What’s all the angst for? A meal, a few drinks, some presents and you’re away again. What could be so bad? What’s so bad is that Christmas brings up all the family issues that are forgotten during the rest of the year. These things can easily disappear in the scramble of a hectic modern life. Those who wish to can usually avoid family get-togethers with excuses of children’s sport, work commitments and house renovations. But at Christmas time, excuses run out. It’s time to front up!

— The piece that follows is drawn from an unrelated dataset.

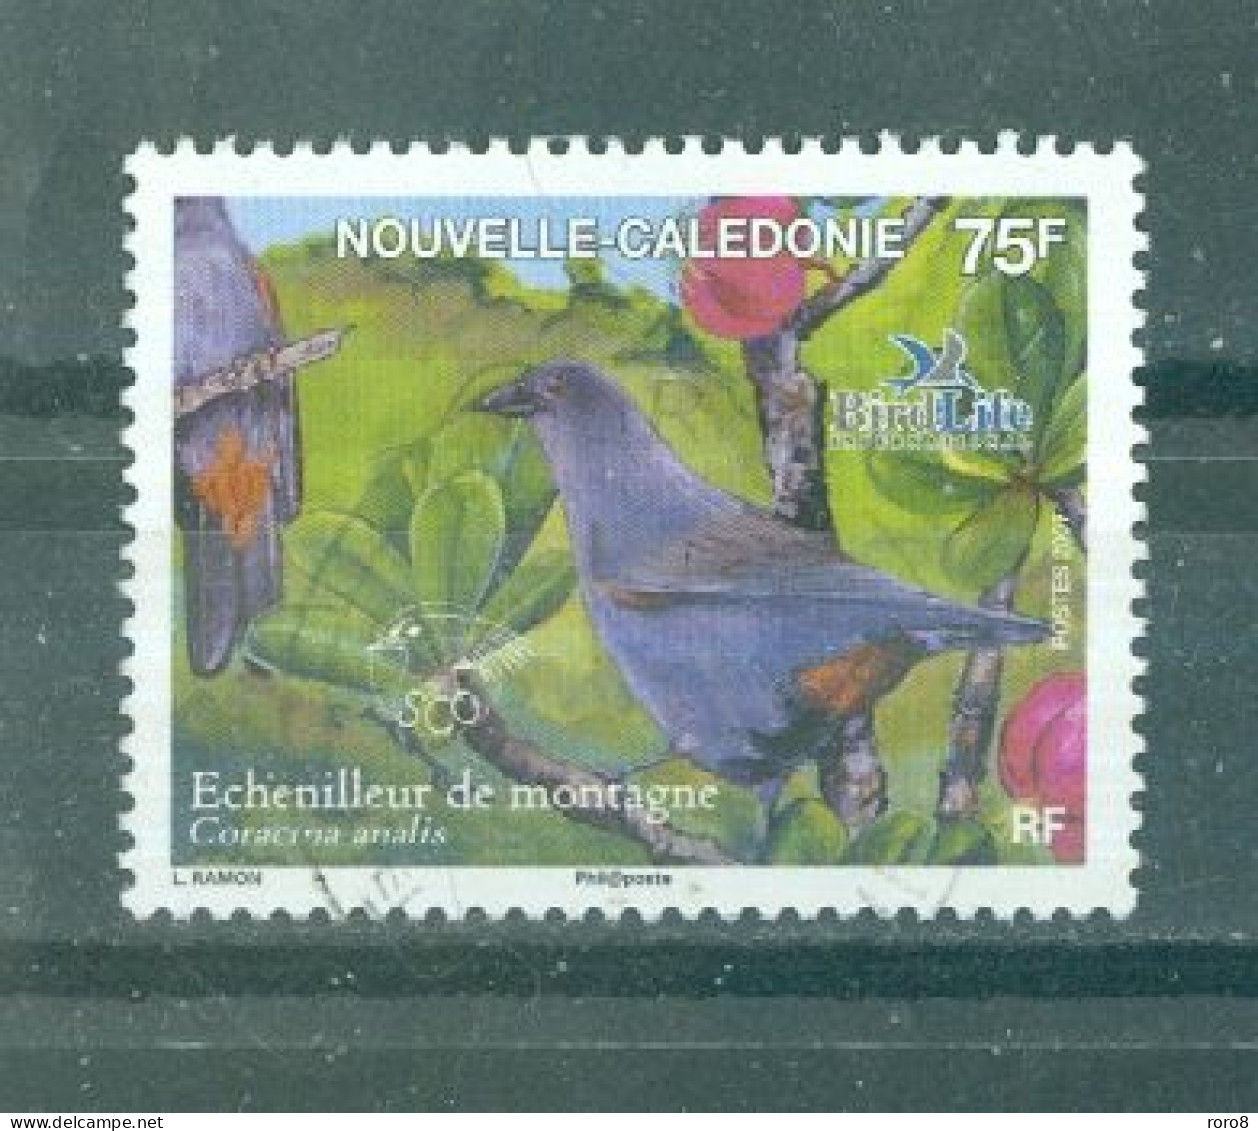 NOUVELLE-CALEDONIE - N°1005 Oblitéré - Faune. Oiseaux Endémiques Et Menacés D'extinction. - Usati

The trouble starts with decisions about whose relatives to go to for which meal. Christmas lunch has more cachet than Christmas dinner, so who will win out? It might seem simple to take turns, but how will that work in with the brothers and sisters who will also be taking turns with their partners? The rest of your family may be getting together for lunch, but it’s your turn for dinner. How do you co-ordinate it all? People get hangover headaches weeks before the day arrives.

It helps to bring a humorous perspective to the festive proceedings. Imagine your family is the cast of some Chevy Chase Christmas movie. What would it look like? How would it play out? It can be easier to laugh at it all from this perspective. A lighthearted approach will help you survive the day and help prevent you adding to any family misery.

Christmas is about gift giving, but we don’t have to be literal about this. Our presence at the family Christmas is a gift. The quality of our presence is an even bigger contribution. If we can bring compassion and an attitude of generosity and acceptance, we add to the spirit of the day. It is our best protection from family angst and guaranteed hangover-free.

How do you survive family holidays at this time of year?